Segment Open

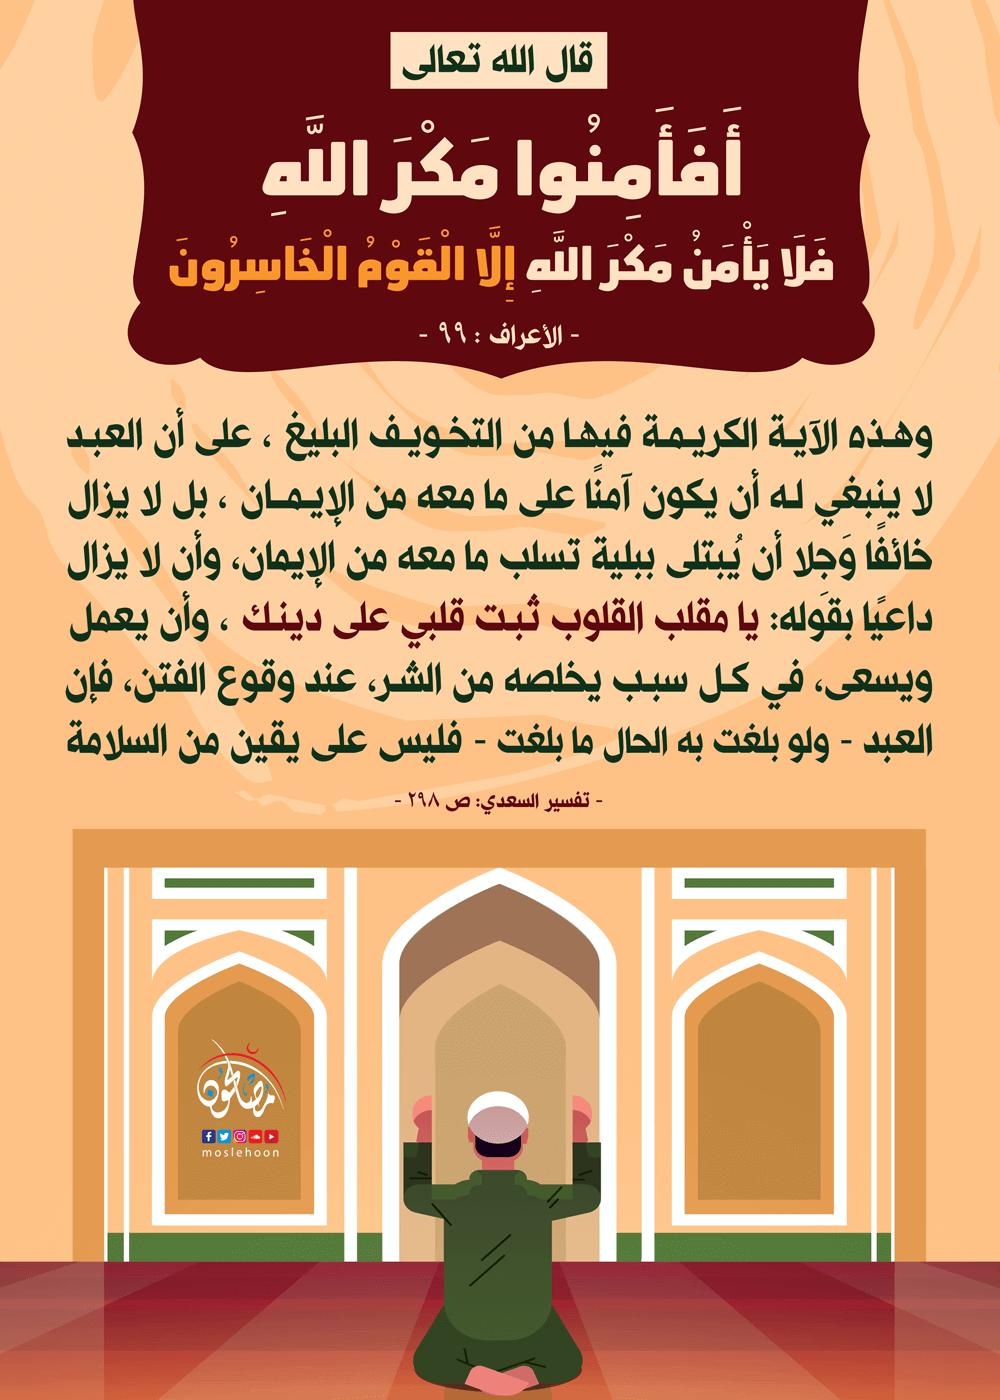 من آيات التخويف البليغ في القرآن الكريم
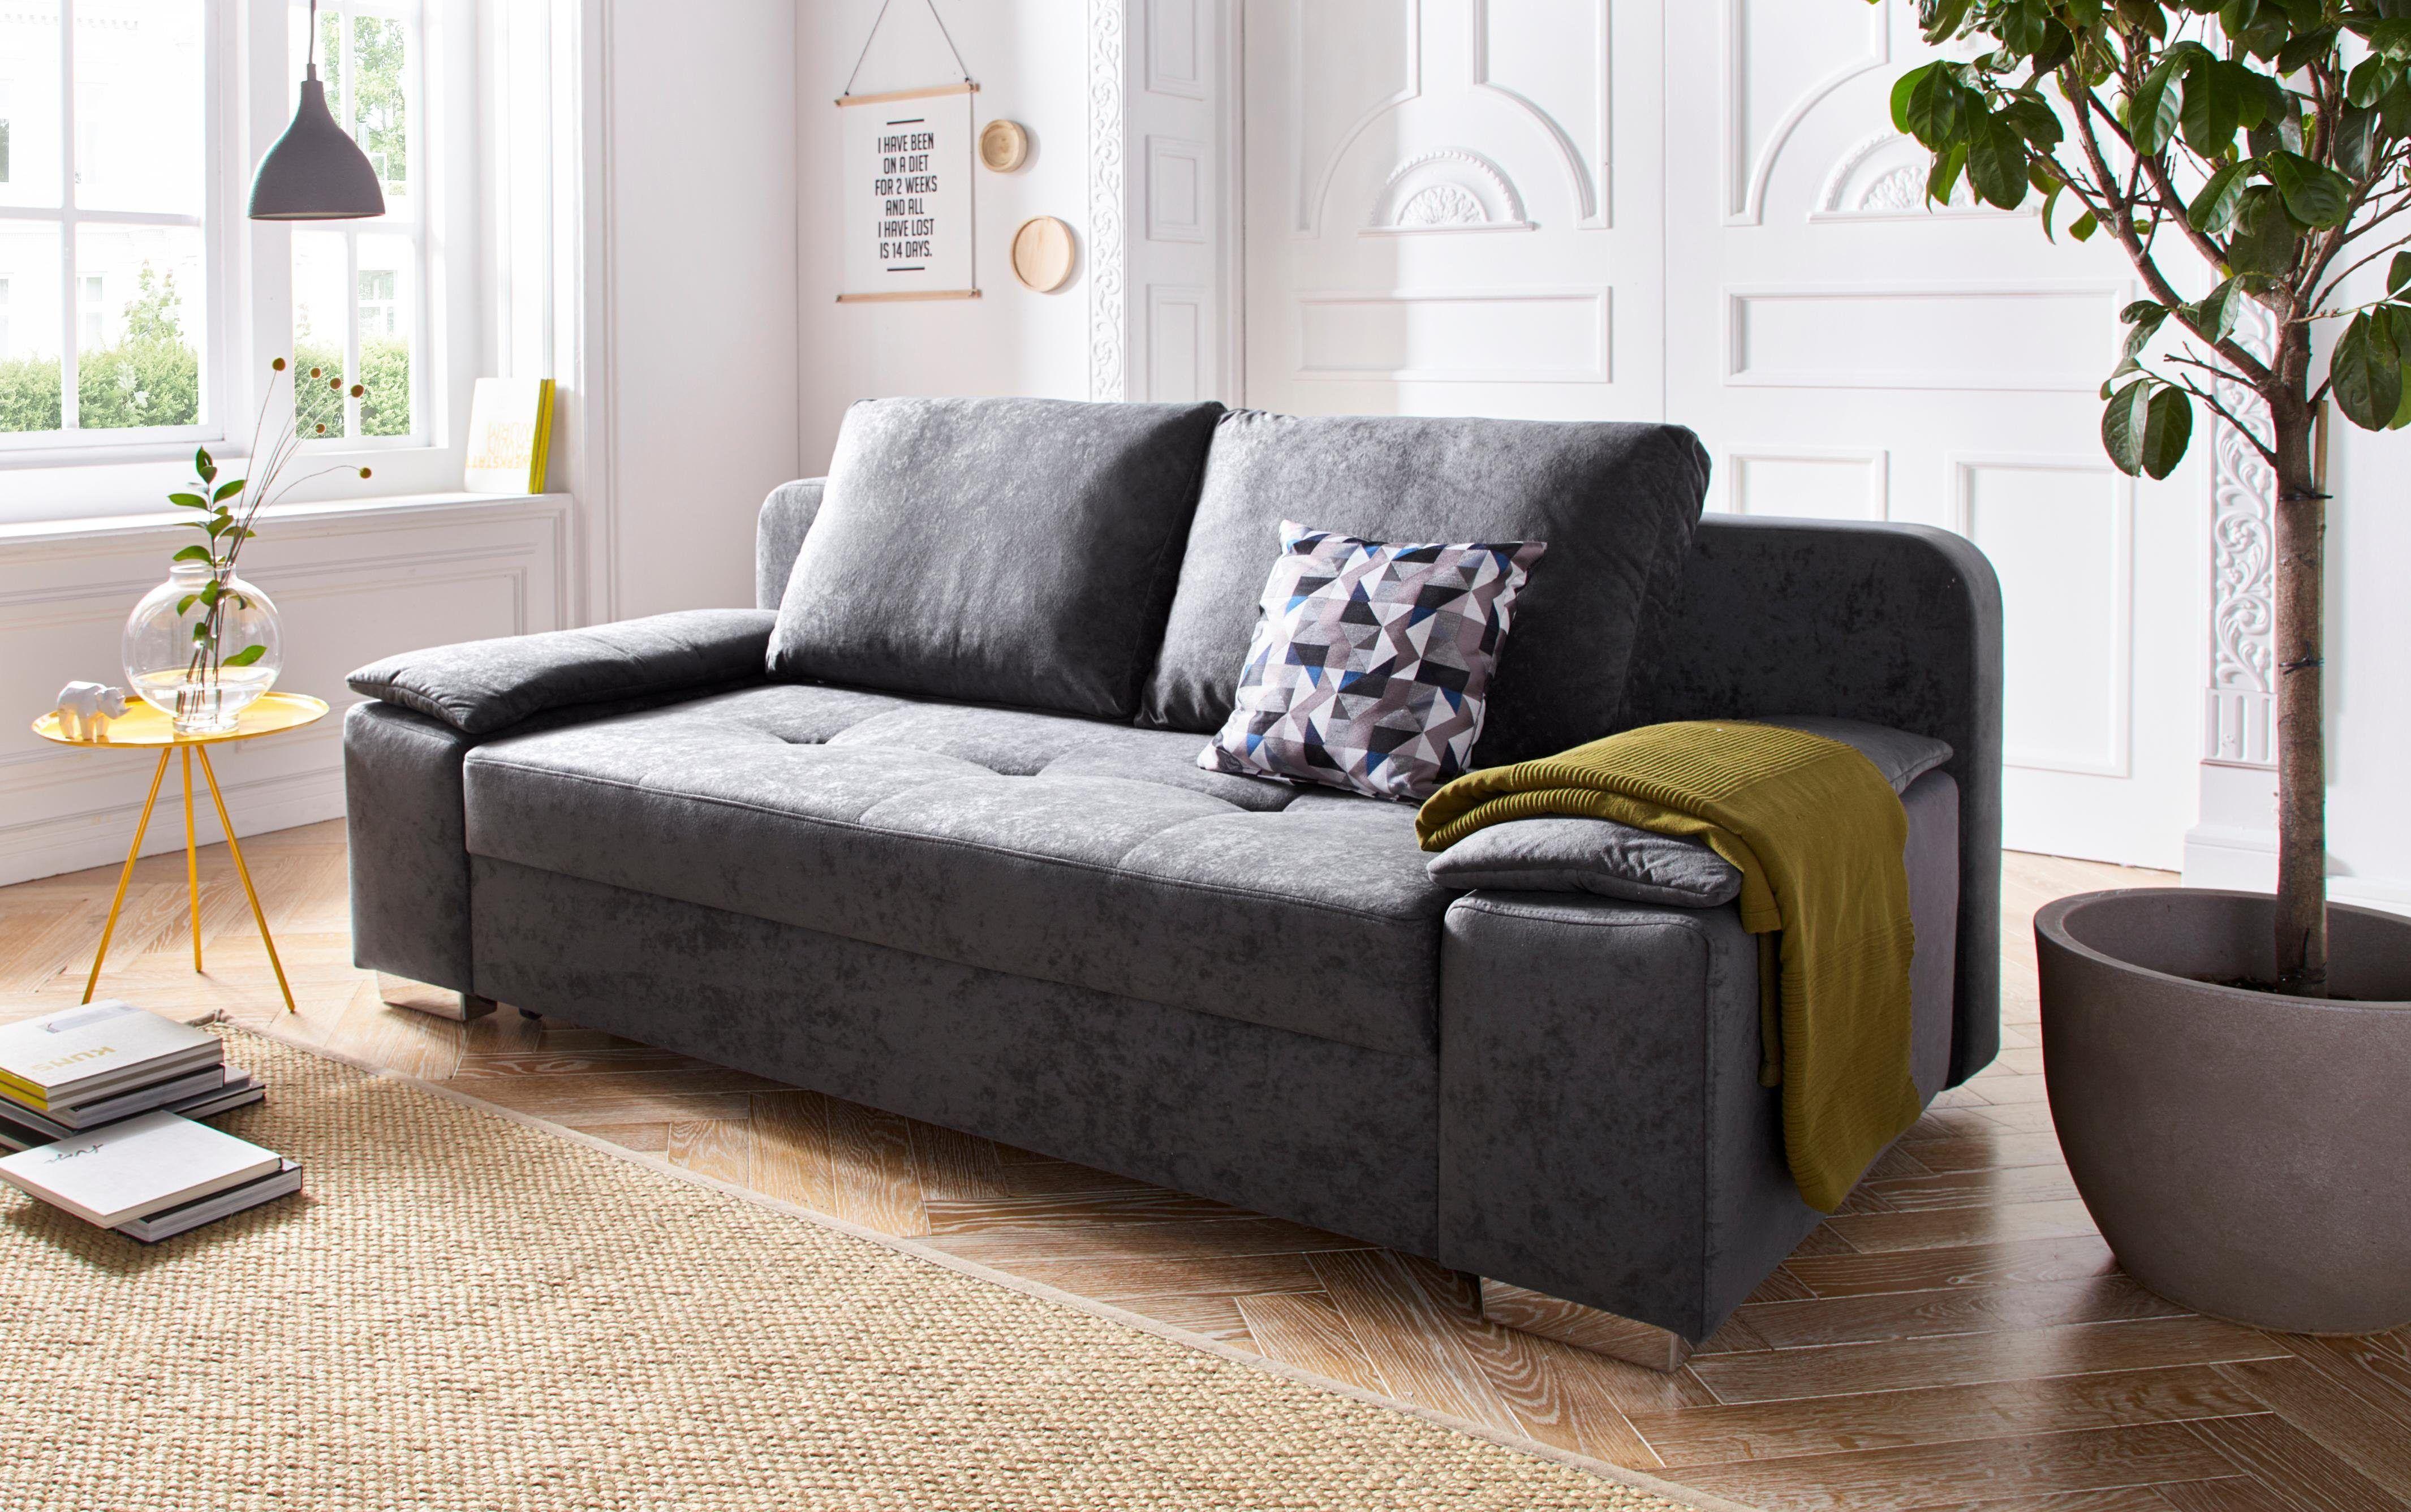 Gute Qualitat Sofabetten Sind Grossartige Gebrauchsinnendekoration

Segment Closed
Segment Open

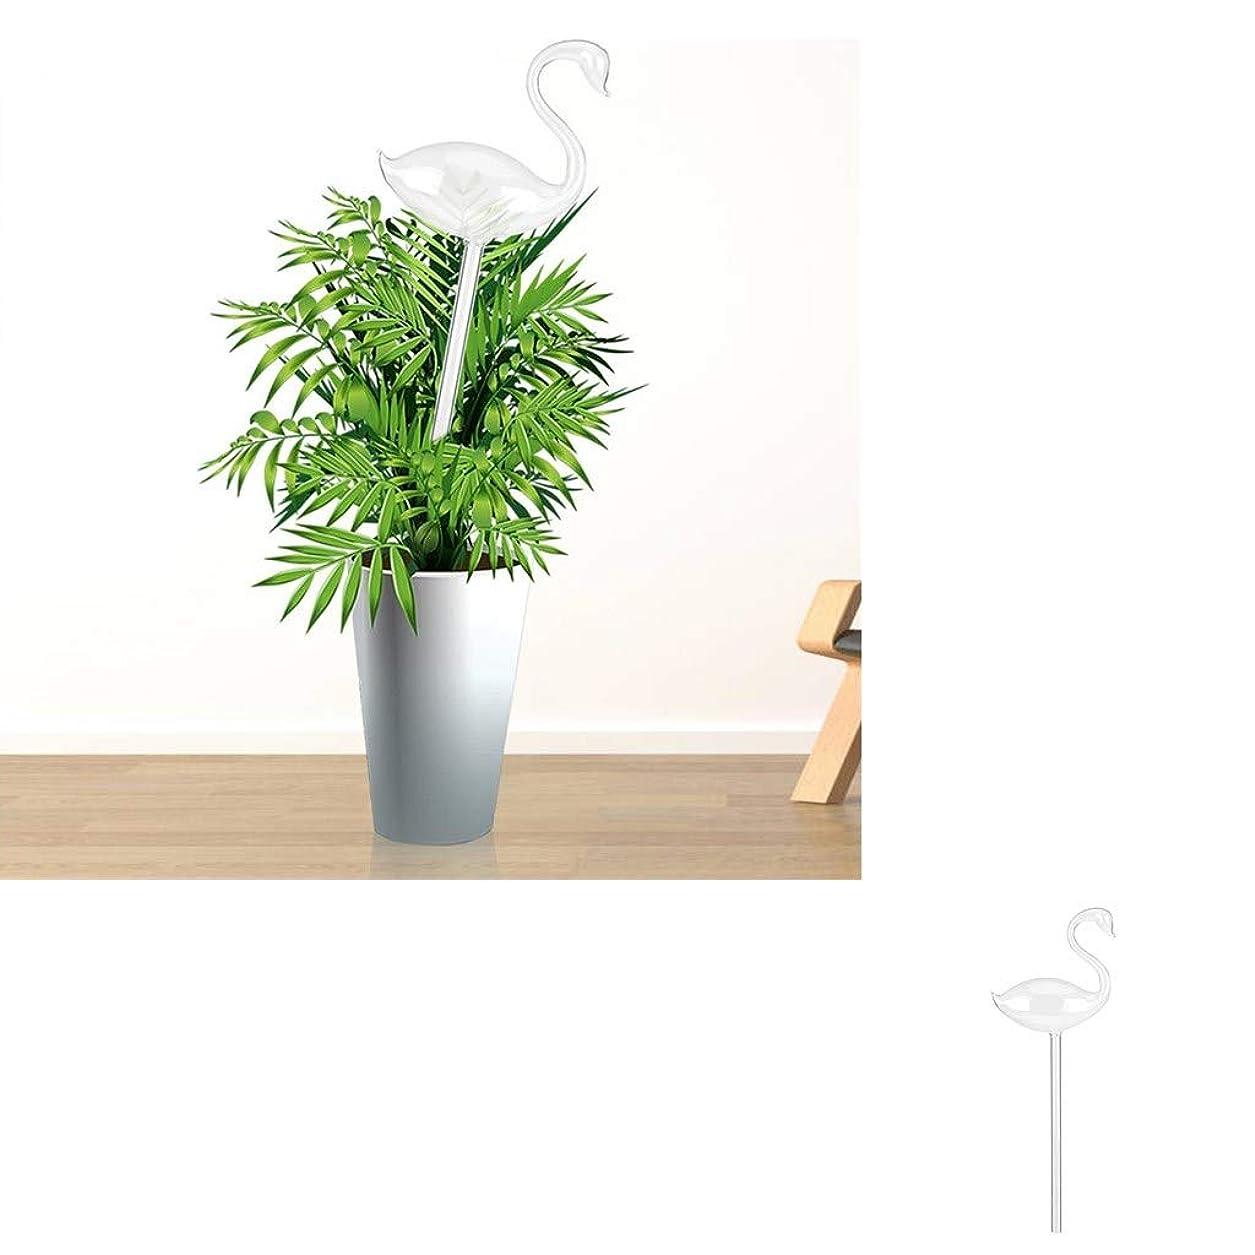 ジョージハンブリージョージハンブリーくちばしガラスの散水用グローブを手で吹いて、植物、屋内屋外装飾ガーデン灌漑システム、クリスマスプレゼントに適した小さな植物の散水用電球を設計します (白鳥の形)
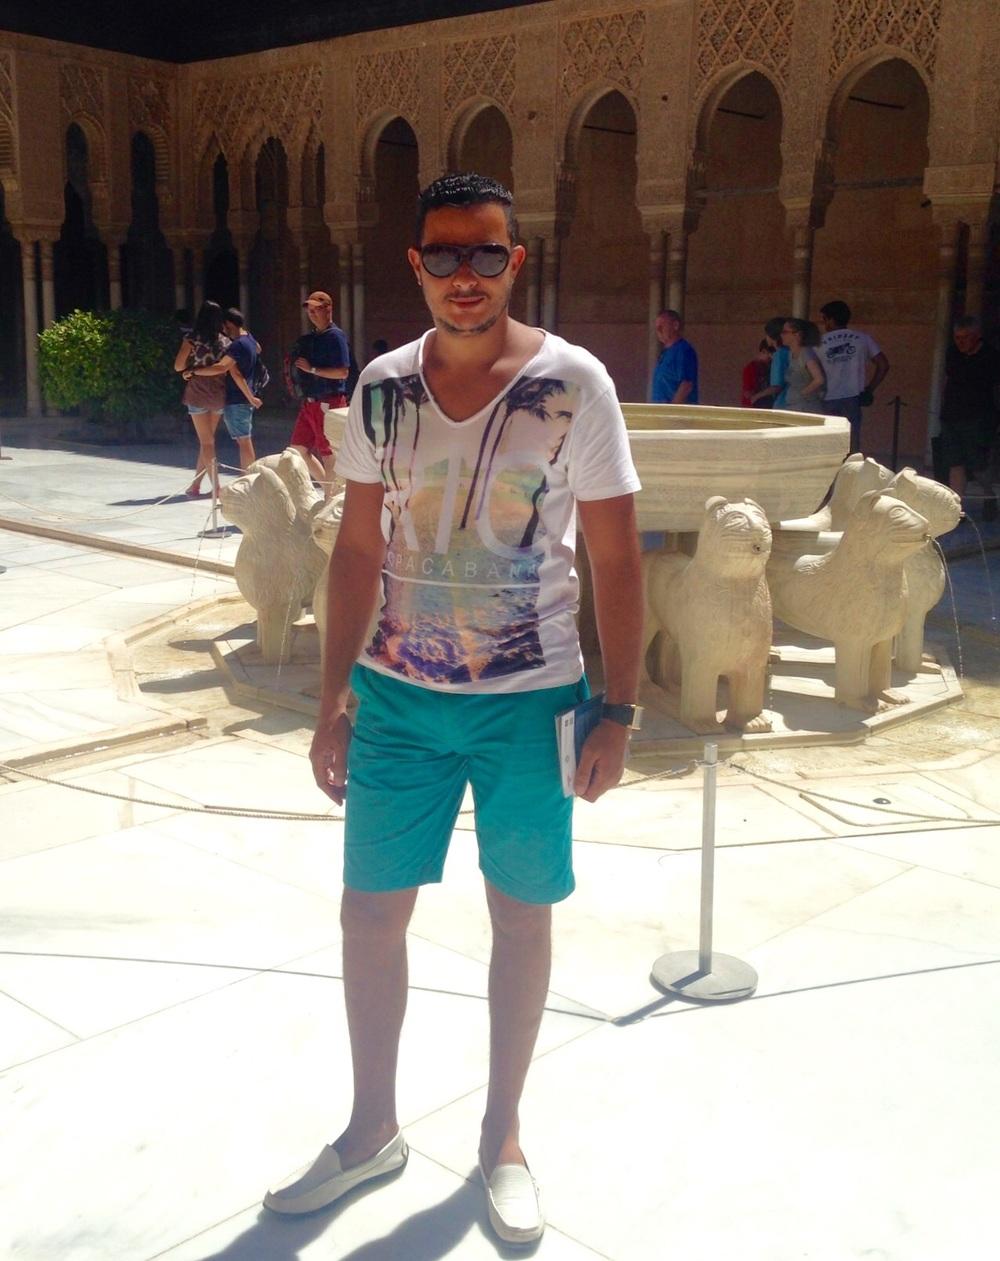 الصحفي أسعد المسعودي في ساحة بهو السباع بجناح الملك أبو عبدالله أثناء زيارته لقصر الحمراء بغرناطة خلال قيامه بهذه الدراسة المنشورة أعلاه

Segment Closed

TASK TO CARRY OUT: For this exercise, return exactly the lines above from the line with "من آيات التخويف البليغ في القرآن الكريم" through the line with "Gute Qualitat Sofabetten", both included. Do not copy the pictures.

ANSWER FOR THIS EXERCISE:
 من آيات التخويف البليغ في القرآن الكريم
 Gute Qualitat Sofabetten Sind Grossartige Gebrauchsinnendekoration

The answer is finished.